Re: VXLAN and KVm experiences

Rohit Yadav Mon, 19 Nov 2018 07:22:55 -0800

Hi Andrija,


Thanks for the pointers!!! I managed to fix my issues. It would be great to 
document your experiences on the vxlan/cloudstack docs page.


My slow I meant the same behaviour you've described, pings and small file 
downloads are fast (few MB/s) but large file downloads/transfers speeds fall to 
few kb/bytes per second (sometimes stalls).

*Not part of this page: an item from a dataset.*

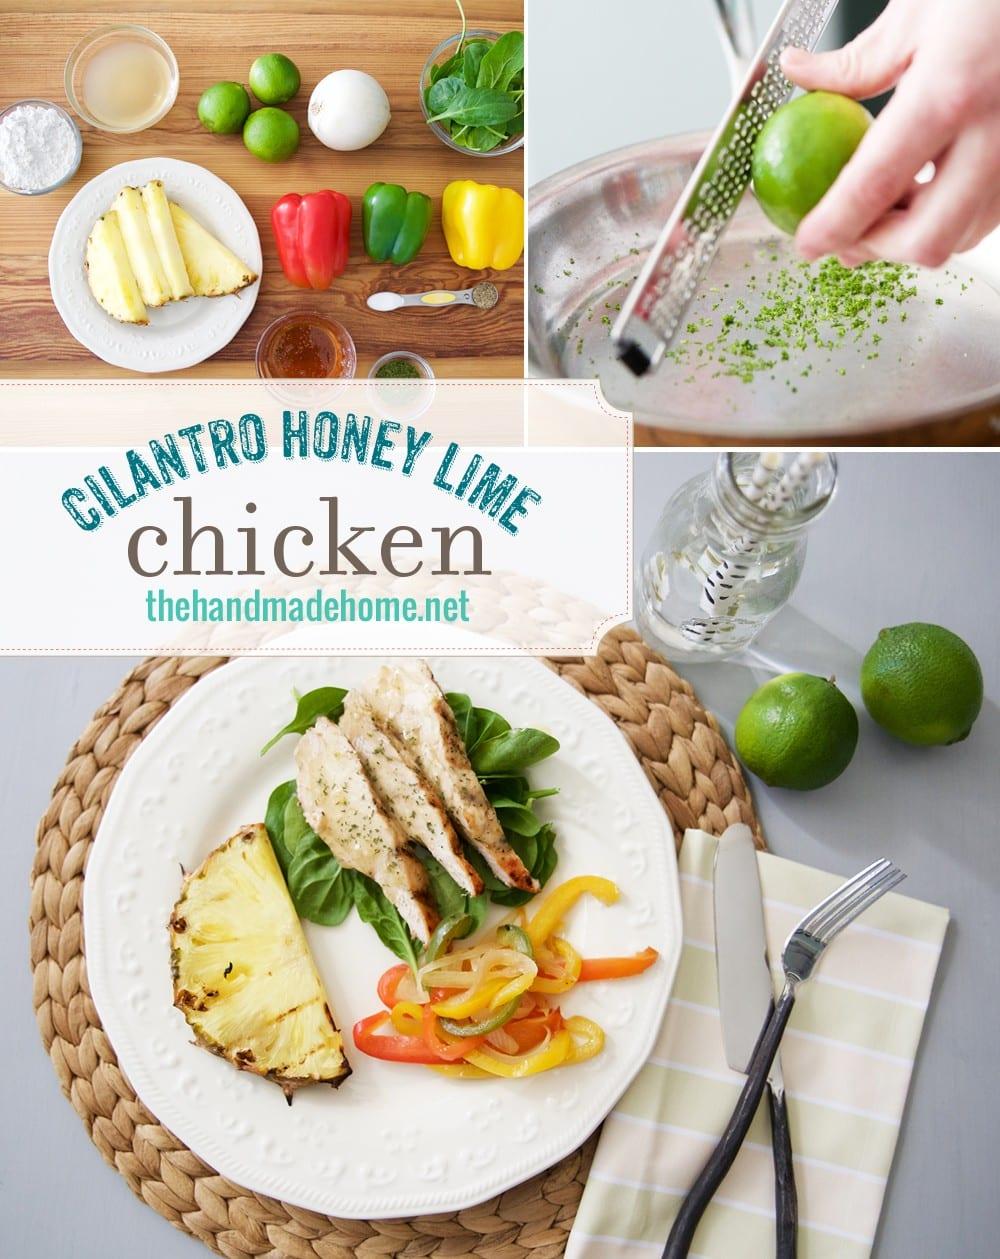 recipe_cilantro_honey_lime_chicken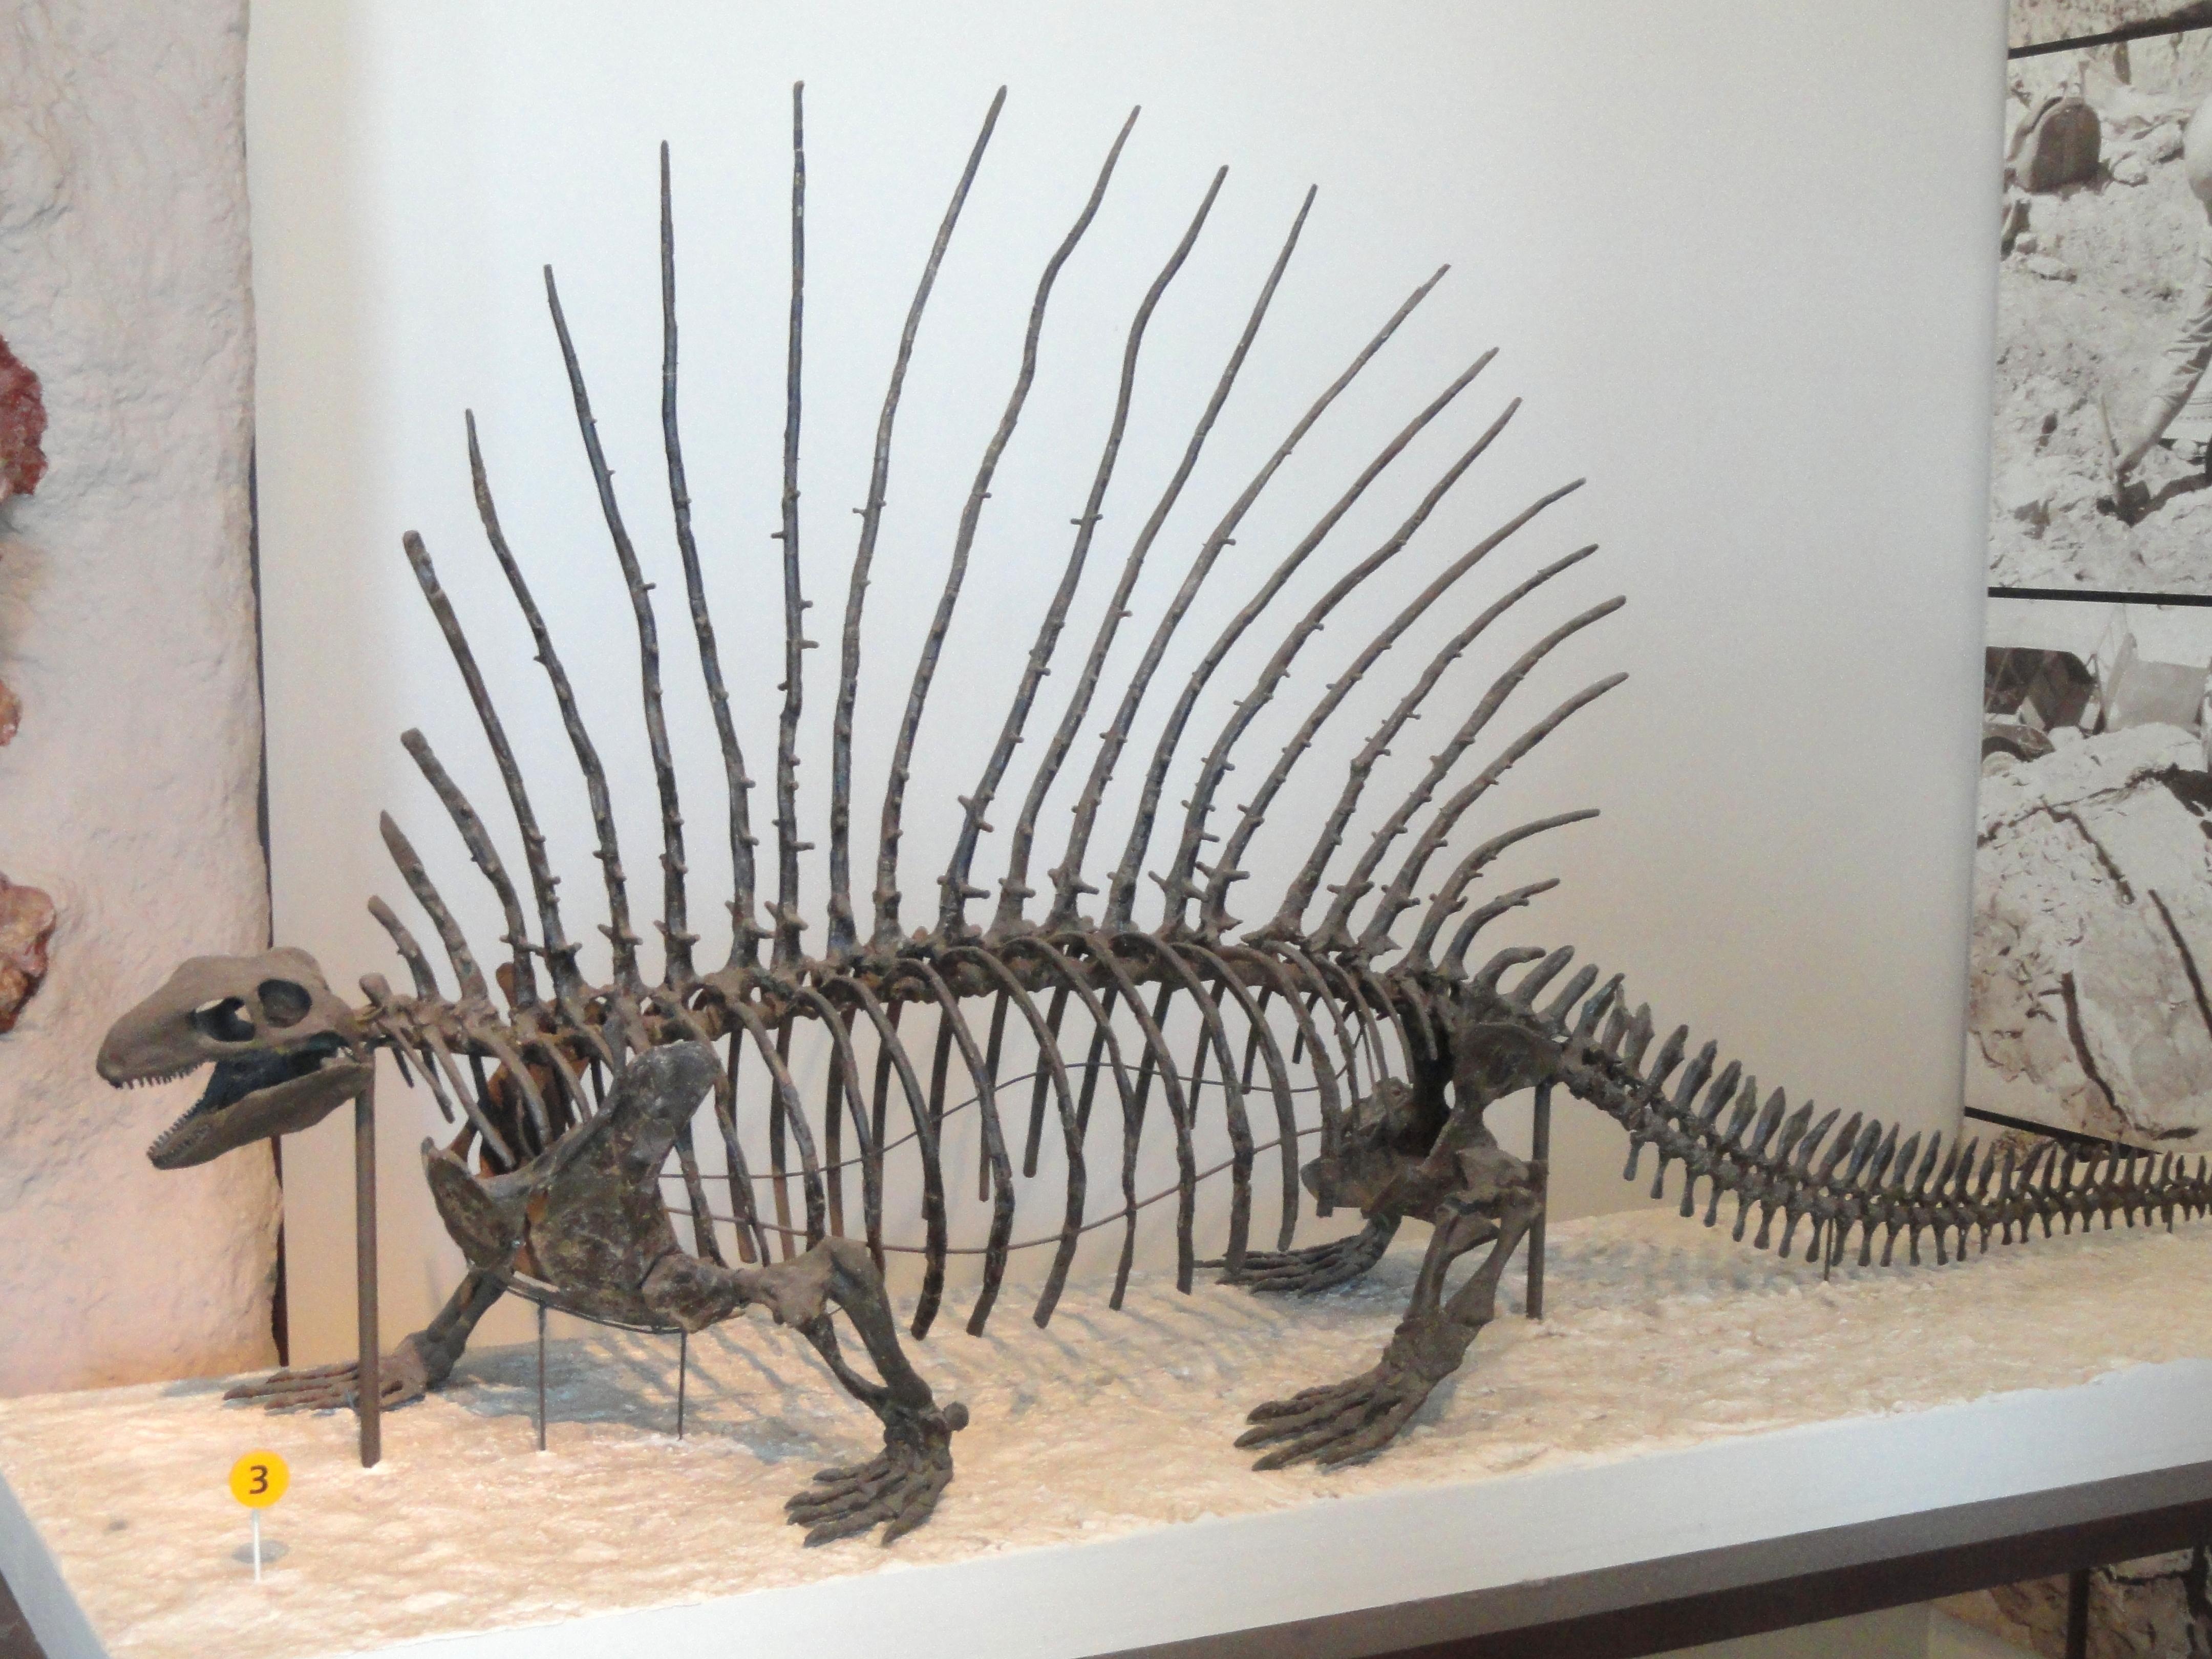 dimetrodon steckbrief

I checked and found that lro was off by default:

# ethtool -k enp2s0 | grep large
large-receive-offload: off [fixed]


Another issue I found was that with Ubuntu 18.04 netplan does not apply mtu 
settings as provided in the yaml file: 
https://bugs.launchpad.net/ubuntu/+source/nplan/+bug/1724895 (facepalm 😞)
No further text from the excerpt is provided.